The AI CO₂ Tracker: A Commitment to Sustainability
Artificial intelligence is often framed through acceleration: faster workflows, lighter models, greater efficiency. Yet efficiency does not automatically lead to sustainability. As systems become easier to use, they tend to be used more. This is the quiet tension behind Jevons’ Paradox: lower emissions per task can still produce a growing environmental footprint overall.
From this tension, the CO₂ Tracker takes shape. It makes the environmental cost of AI visible by estimating emissions from text prompts, token processing, and AI-generated images. Instead of presenting numbers in isolation, it translates them into visual patterns, cumulative histories, and everyday equivalents. A single interaction becomes part of a larger picture of use.

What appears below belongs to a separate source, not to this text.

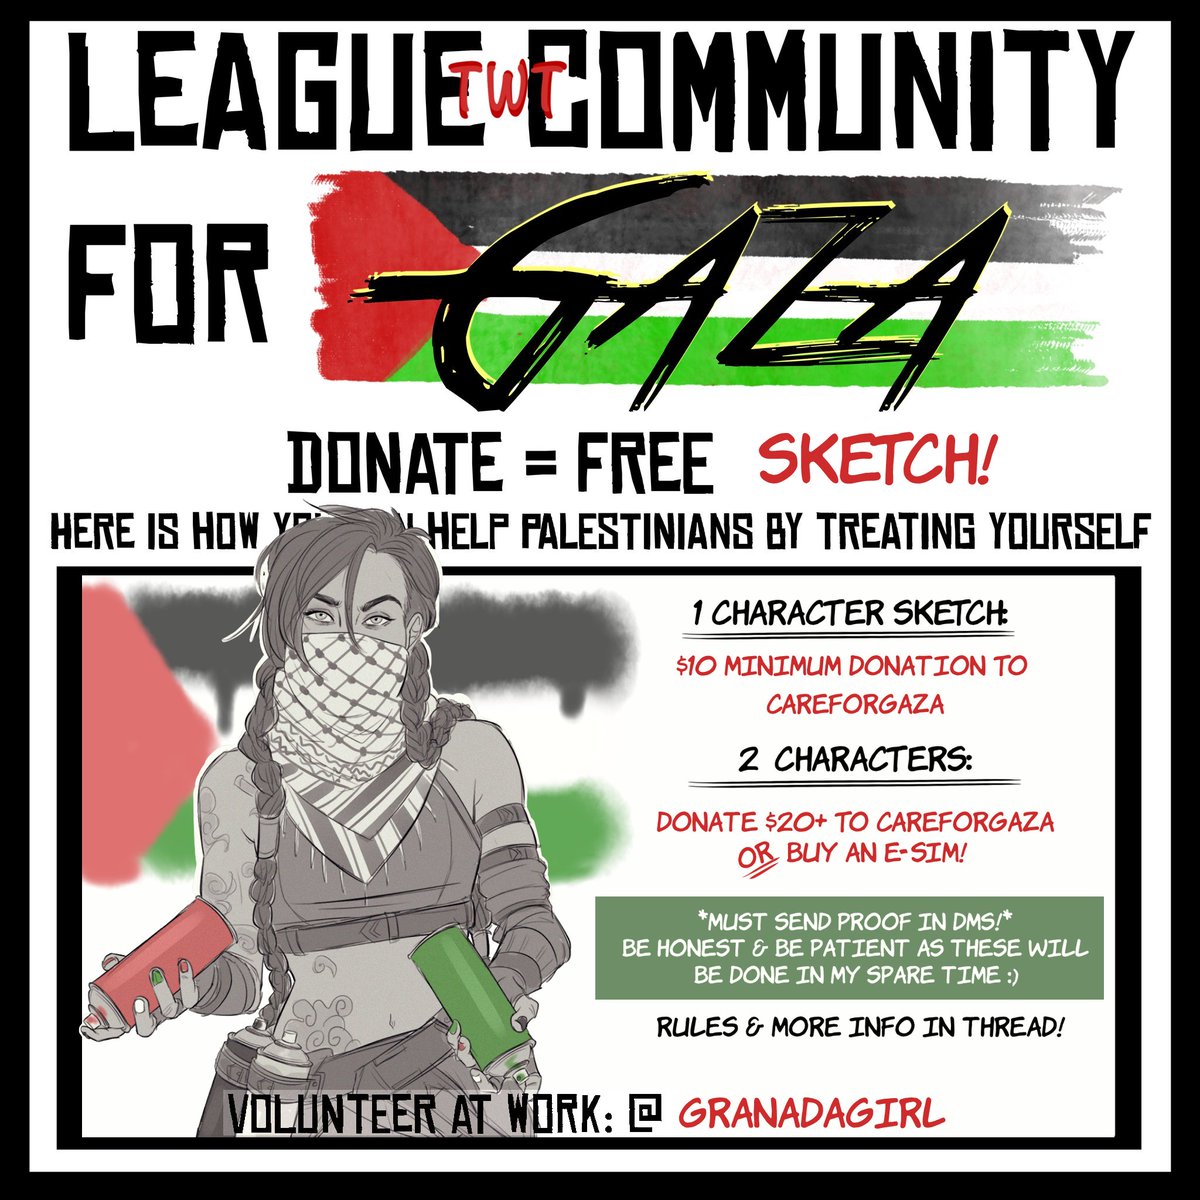 I'm joining #LeagueTwt4Gaza ! ♥️🖤🤍💚🇵🇸 Make a charitable donātion & receive a sketch from me! Or any of the other amazing artists participating! Huge thank you to @SuccubaRossa for creating this! 🥰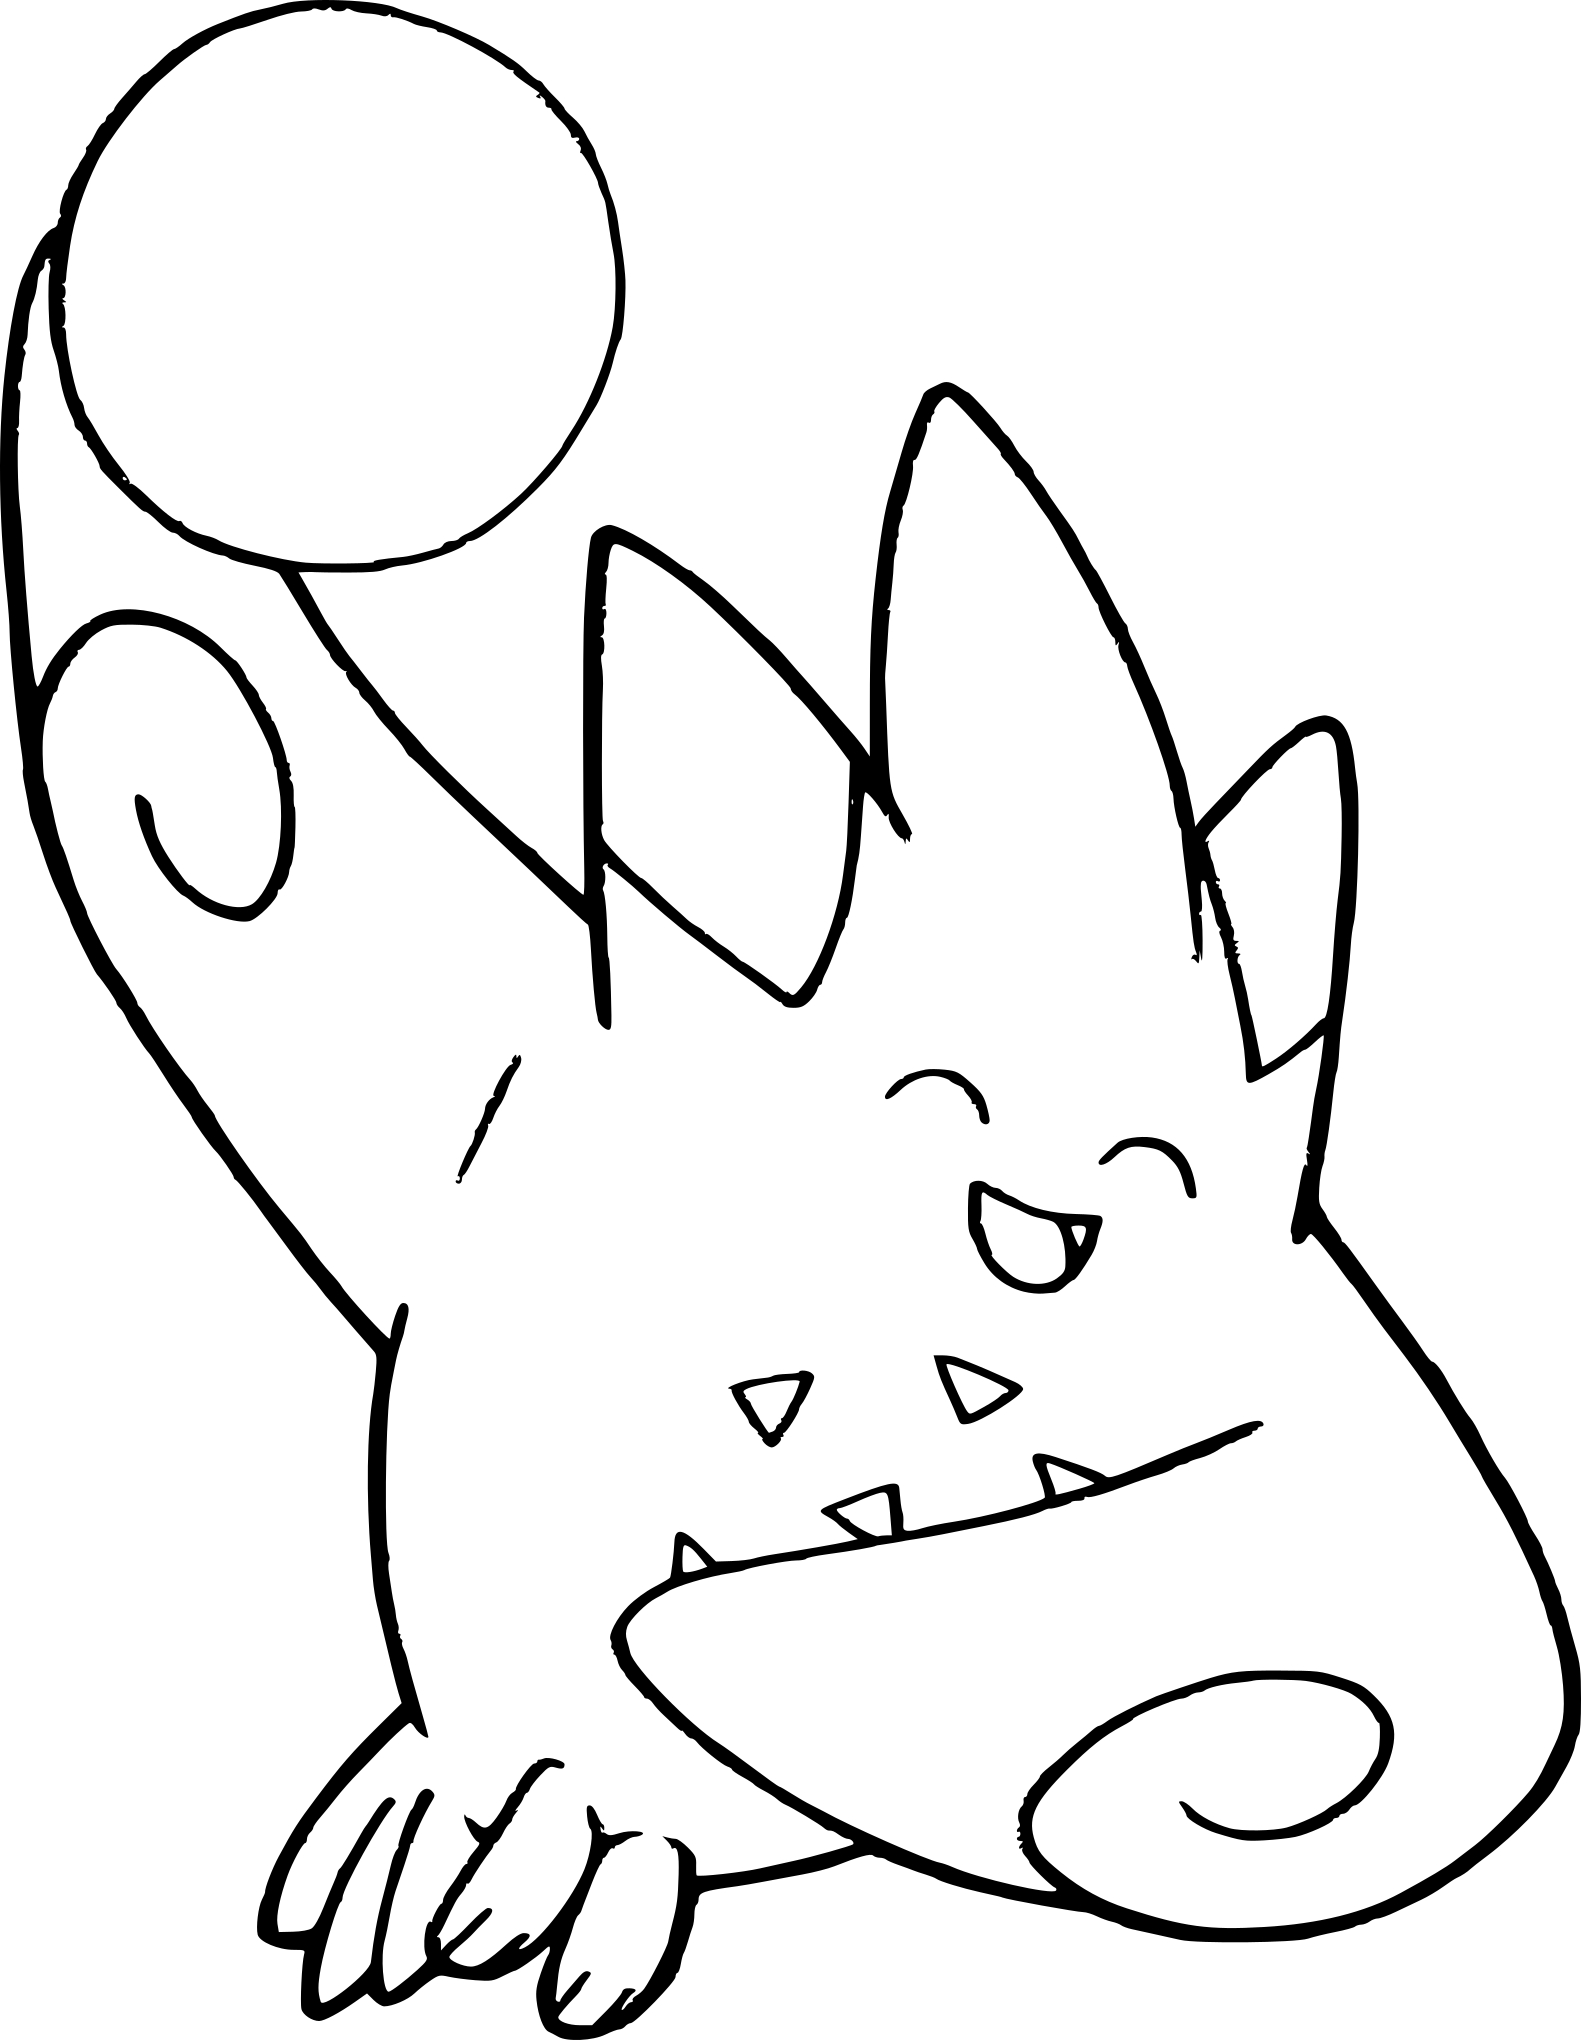 Pokemon Togekiss coloring page

Grounded in AI Horizon’s Responsible AI Framework, the project treats sustainability not as an add-on, but as part of responsible system design: ethically justified, legally aware, and technically precise. Principles such as intergenerational justice, ecological integrity, transparency, and accountability shape how impact is measured, explained, and communicated.
In collaboration with LMU Munich, the CO₂ Tracker is also being examined empirically. At the center of the study is a simple but important question: does visibility change behavior? When users can see the footprint of their AI interactions, do they ask differently, avoid repetition, or develop a more deliberate relationship with the technology?
As a first step toward a broader culture of sustainable AI, the CO₂ Tracker brings environmental impact out of the infrastructure and into view: measurable, understandable, and part of how AI systems are evaluated.